## ACTIVITY
Make an exact copy of the lines from the one containing "Stockholm Sweden, night" through the end of the material, including both ends but no pictures.

## DATA
-------------------------
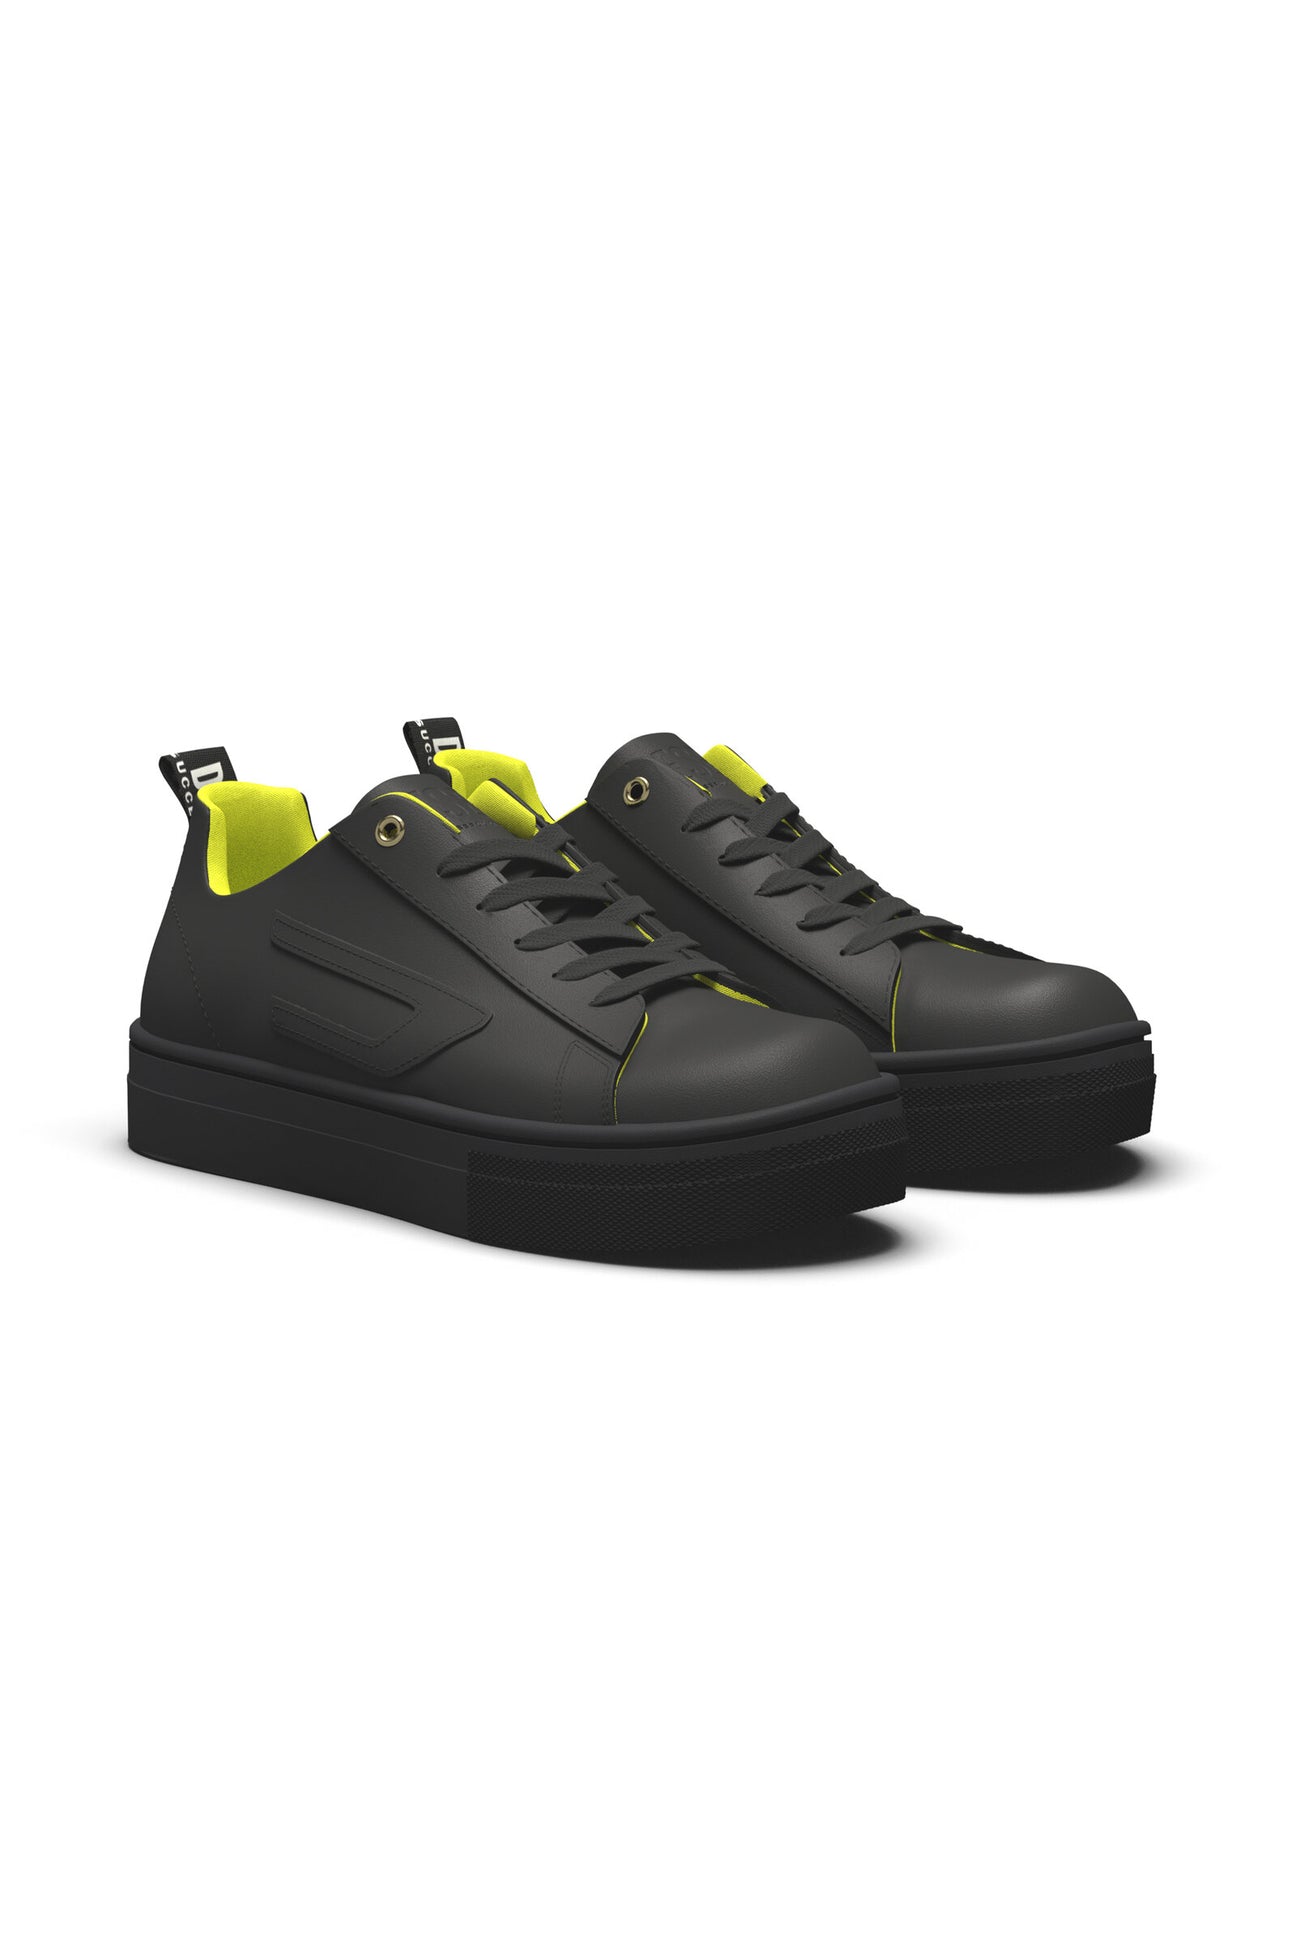 Black leather sneakers with embossed D Black leather sneakers with embossed D
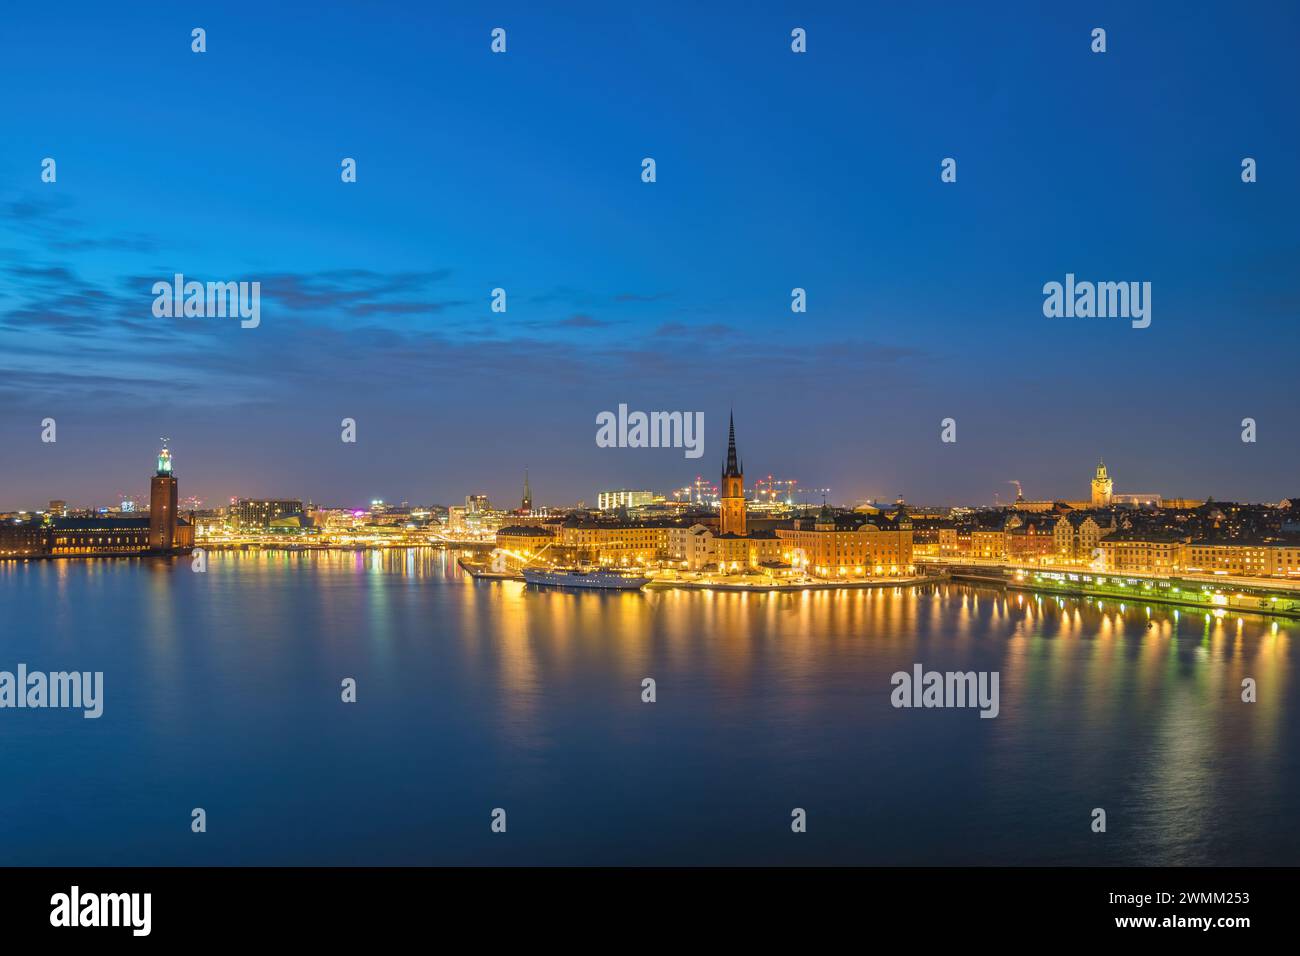 Stockholm Sweden, night city skyline at Stockholm City Hall and Gamla Stan Stock Photo
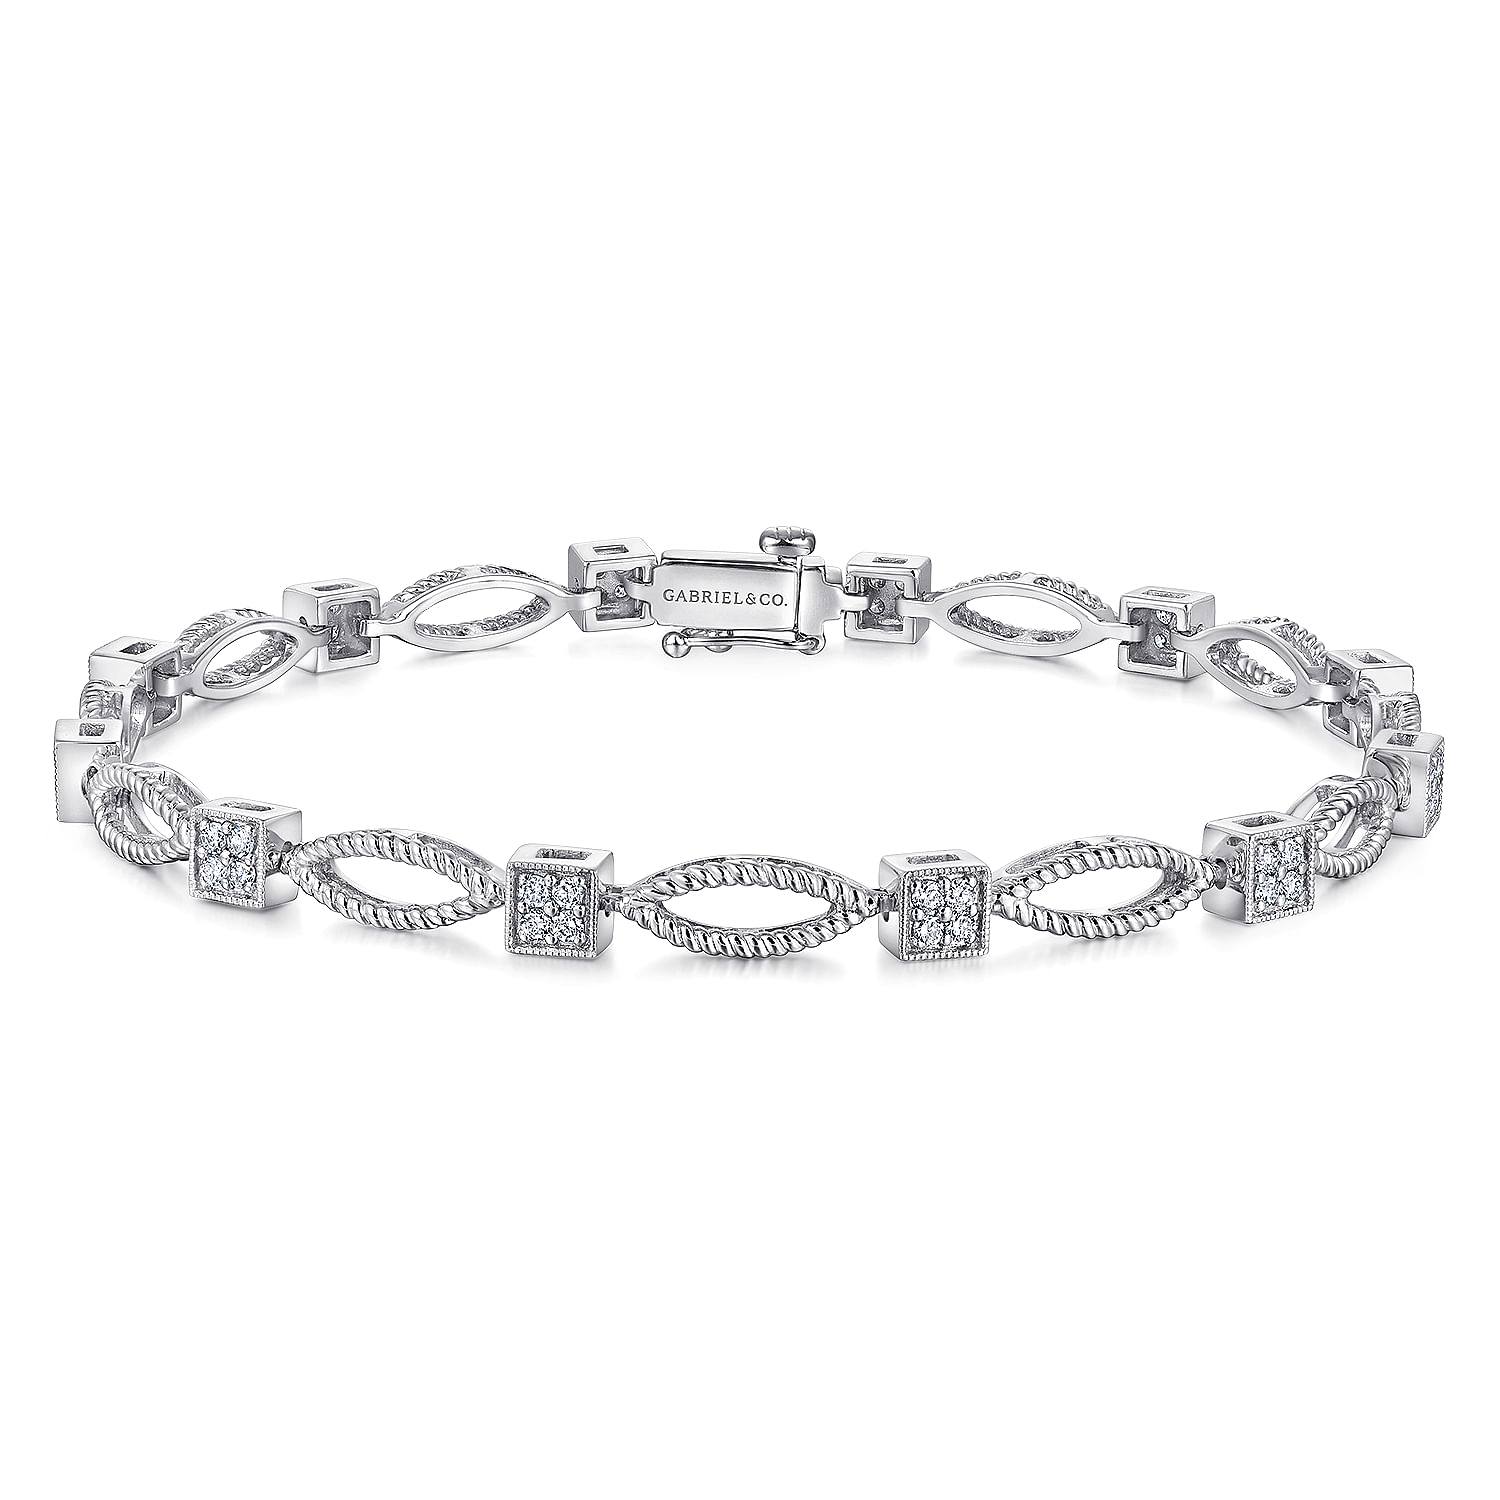 14K White Gold Twisted Rope Link Tennis Bracelet with Pavé Diamond Cube Spacers
-------------------------
## ANSWER BELOW
 Stockholm Sweden, night city skyline at Stockholm City Hall and Gamla Stan Stock Photo
 14K White Gold Twisted Rope Link Tennis Bracelet with Pavé Diamond Cube Spacers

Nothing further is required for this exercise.